Icono Clast

Travellers vs. Tourists


Table of Contents
You might enjoy some Vignettes
.

The differences between
Travellers and Tourists

Travel is fatal
to prejudice, bigotry, and narrow-mindedness,
and many of our people need it sorely on these accounts.
Broad, wholesome, charitable views of men and things
cannot be acquired by vegetating
in one little corner of the earth all one's lifetime.
— Samuel Clemens 

Around this wide world's broad expanse
Are places great and small
Whose names fair tingle with romance
And I would see them all.
— Unknown 

Icono Clast:
A traveller doesn't know where she's going;
a tourist doesn't know where he's been.

GoldenBearTrekker:
A tourist can list all the places they have been … A traveller can
tell you about the people met and stories heard along the way.

Unknown:
A tourist travels to get away from home; a traveller always feels at home.

Barbara Vaughan (bvaughan@*.edu) suggested:
One is more of a snob than the other?

Miguel Cruz (mnc@*.nu) agreed with P J Wallace <pat@*.com> who said:
I am a traveller, you are a visitor, they <sniff> are tourists

and commented:
  That's the best illustration of the difference I've seen so far …

Middle_Aged_Man said:
 A Traveller is a Tourist who thinks he's special.


  TEN DICTATES
 1. Thou shalt not expect things to be as they are at home for
  thou hast left thy home to experience things different.
 2. Thou shalt take nothing too seriously for
  a carefree mind is the foundation of a fine trip.
 3. Thou shalt not let thy fellow tourists get on thy nerves for
  thou art travelling to enjoy thyself.
 4. Thou shalt take only half the clothing thou thinks needed and twice the money.
 5. Know at all times where be thy passport for
  without it thou art absent identity.
 6. Remember that if thou wert meant to be rooted in one place,
  thou wouldst have been created with roots.
 7. Thou shalt not worry, for
  one who worrieth be denied pleasure for things fatal are few.
 8. When in Rome, thou shalt be prepared to do somewhat as the Romans do.
 9. Thou shalt not judge the people of a community by the person who has given thee trouble.
10. Remember, thou art a guest in other lands and
  one who treateth a host without respect shalt not be honored.

If you know who created the preceding fine list of advice, found before 10 September 1994, please let us know.

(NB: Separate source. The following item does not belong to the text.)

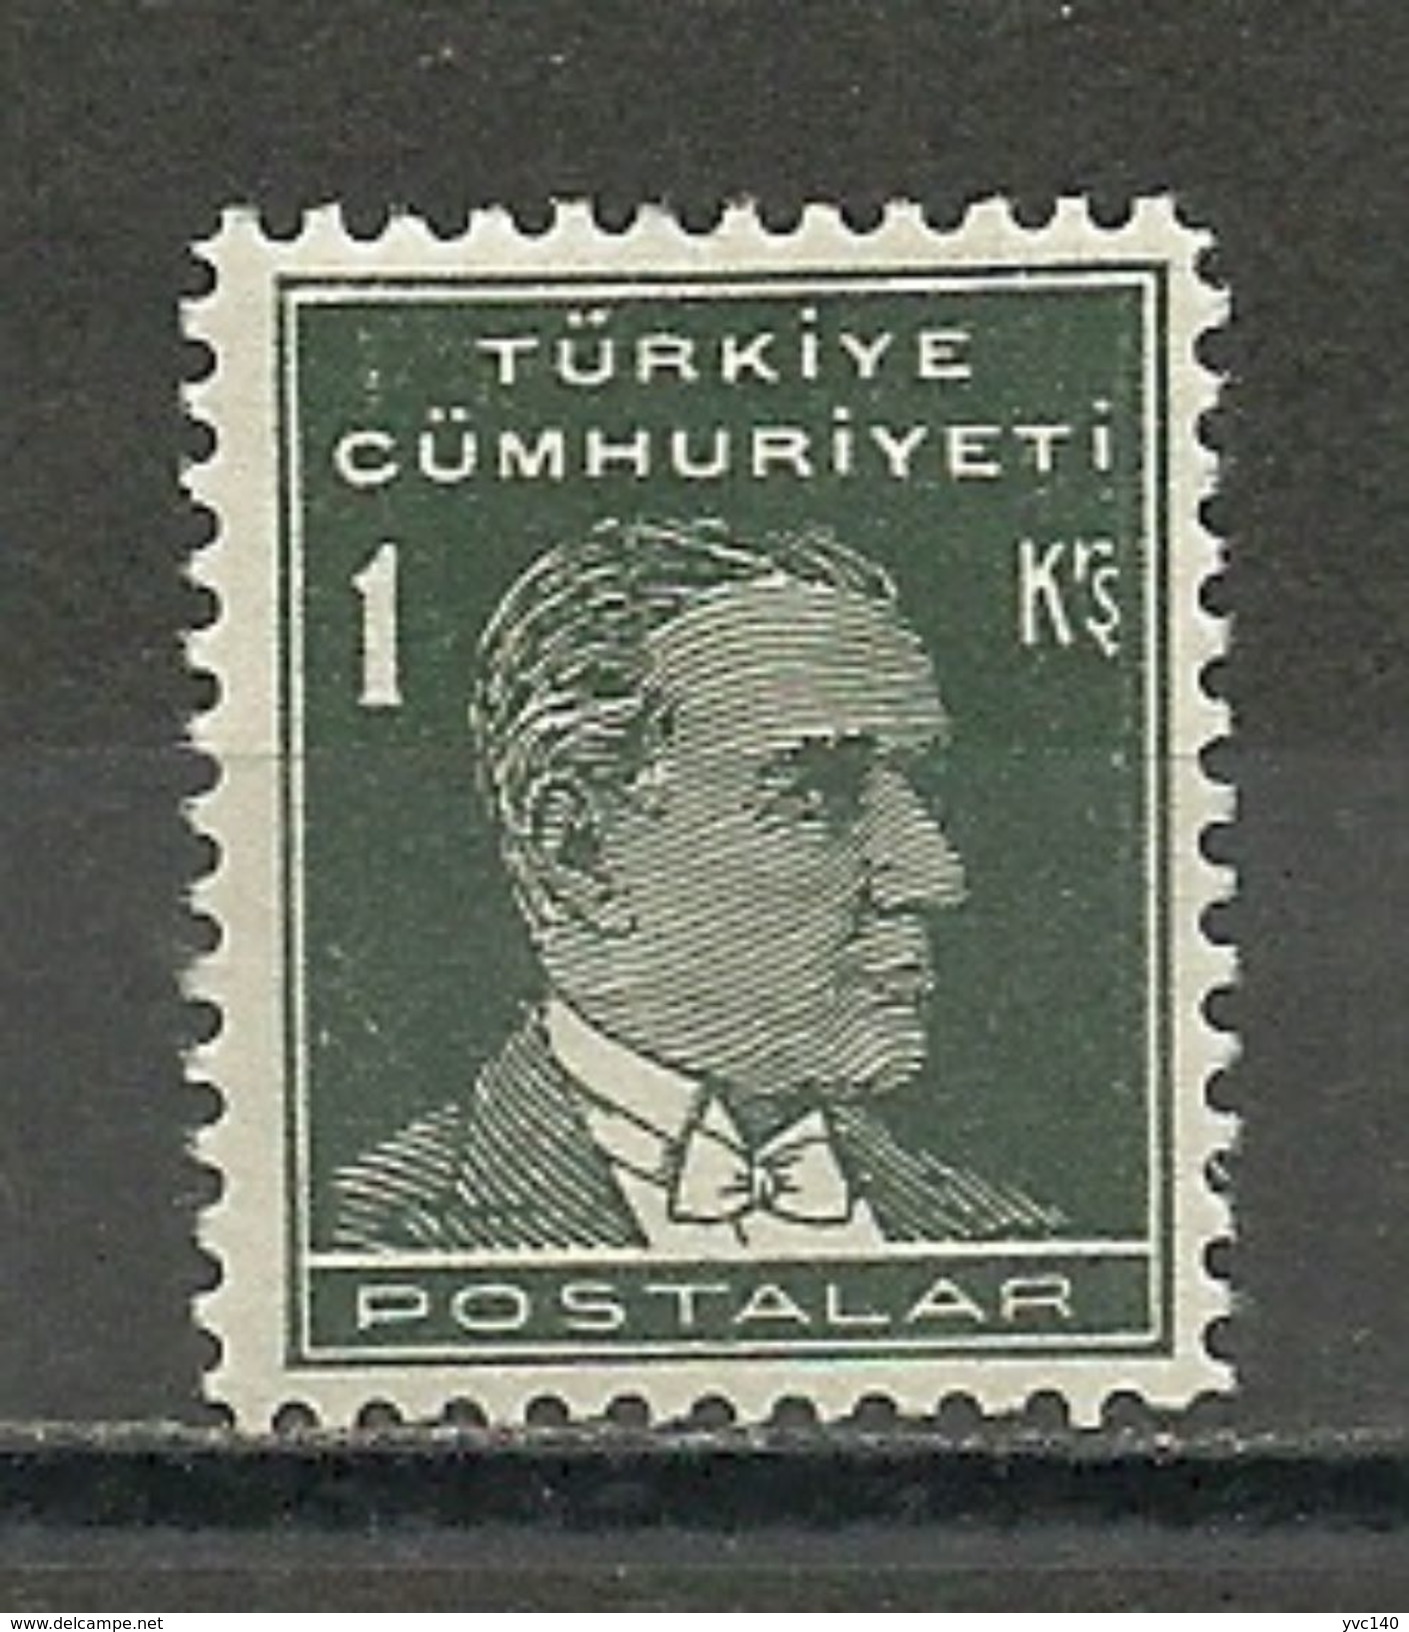 Turkey; 1931 1st Ataturk Issue Stamp 1 K. ERROR ("Postalar" Instead Of "Postalari") - Neufs

Excellent advice to follow just about anywhere.
From: yrret@*.net (Terryo): Date: 2003-10-02 00:37:35 PST 
Reactions to [cities] seem to be very much an invidual thing. Sure [they're] busy and noisy and confusing and, sometimes, dirty. But I agree with those who say that a lifetime is not enough …
……Leave your guidebook in your room and go spend an after­noon and evening in [a small neighborhood]. Discover your own sights to see, hang out in the little piazzas, watch the kids playing [ball], enjoy some [local delicacy]. And after the sun goes down, follow the music and aromas to a little hole-in-the-wall restau­rant, not listed in any travel guide, where mama is in the back preparing a meal for you that you will never forget …


George Max said:
«In the matter of a vacation, less is more.
«Do less driving, more time at any one site …
«Just 'cause it's “doable” doesn't mean it should be done.»

Icono Clast, 19 June 2005, commented:
Excellent advice well-stated. [Some people's] plans are over-ambitious. [They] should seriously consider spending
more time doing less than so little time doing so much.